• Extracted entries:

• • • • • • •

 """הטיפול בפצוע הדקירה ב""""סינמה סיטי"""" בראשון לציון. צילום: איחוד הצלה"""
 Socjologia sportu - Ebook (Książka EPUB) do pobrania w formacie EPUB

• • • • • • •

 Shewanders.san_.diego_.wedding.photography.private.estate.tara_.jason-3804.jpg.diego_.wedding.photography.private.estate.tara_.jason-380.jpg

• • • • • • •

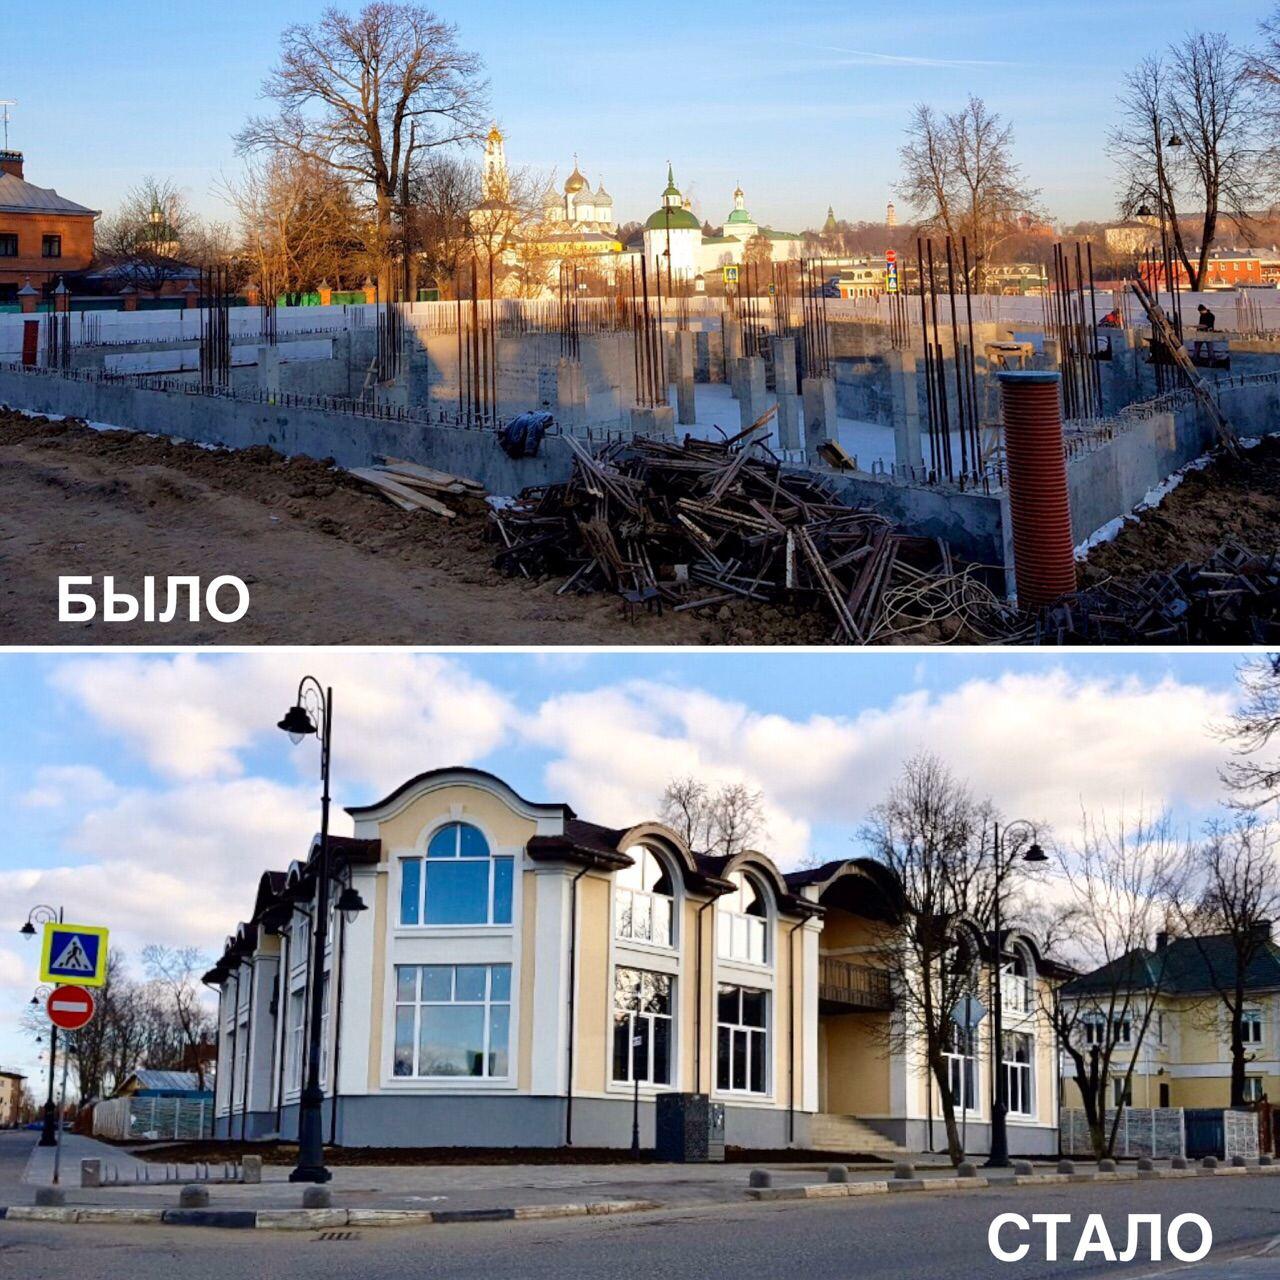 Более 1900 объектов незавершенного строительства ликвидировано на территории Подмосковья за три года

• • • • • • •

Would you output, from the records above, exactly the run of lines that starts at the line containing "לציון. צילום: איחוד" and ends at the line containing "Socjologia sportu - Ebook", and only that run?

 """הטיפול בפצוע הדקירה ב""""סינמה סיטי"""" בראשון לציון. צילום: איחוד הצלה"""
 Socjologia sportu - Ebook (Książka EPUB) do pobrania w formacie EPUB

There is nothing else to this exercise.